# Round Pen - How Level?



## Joshie (Aug 26, 2008)

The arena we use is pretty flat. I'd think that flat would work best. Can you get a bobcat to flatten the area you wish to use?


----------



## Vidaloco (Sep 14, 2007)

Ours is not severly sloped but we did have a problem with the sand running out of it on one side when it rains. Just build it up with some railroad ties or blocks on the outside.
If you haven't put sand or some sort of dirt in it, thats something you might consider. Again adding a retaining type wall on the downhill side and filling it with sand/dirt. 
I didn't think ours had much of a slope till we had a few rains and all the sand I paid for ended up washed out into the arena :evil:


I want to add too that it depends on what you plan on doing in the round pen. If you plan on doing lots of lunge work I'd say it needs to be fairly flat. If its just for close training flat isn't that important.


----------



## SonnyWimps (Feb 22, 2008)

I personally like a flat one, but the one at the barn is on a tiny angle.....not huge though.

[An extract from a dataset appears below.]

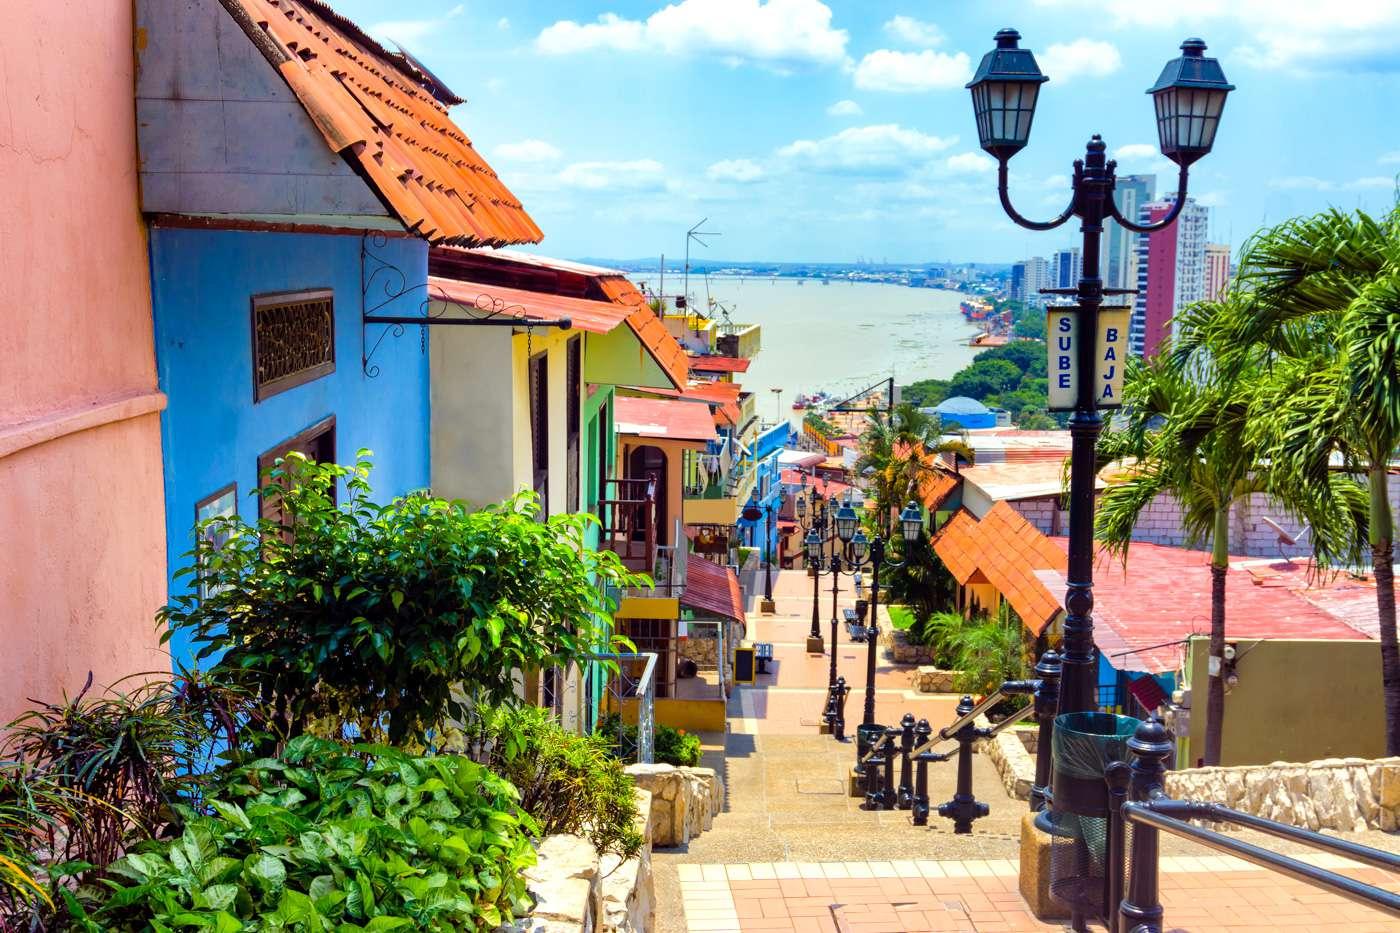 Unique places to visit in Guayaquil

Where my friend board's...her whole arena is on a slant downwards....a kinda steep slant...NOT fun when cantering, but the horse's learn how to balance themselves fine


----------



## kickshaw (May 7, 2008)

our round pen is on a small slope, and for the life of me i can't figure out why they didn't level it... it is OK to work in, but I would much prefer one that is flat.


----------



## farmpony84 (Apr 21, 2008)

mine has a small slope too... I wish it were more level but...


----------



## Painted Ride (Jun 30, 2008)

you can bobcat like previously mentioned..or red clay then river sand


----------



## farmpony84 (Apr 21, 2008)

you can use a box scraper too...


----------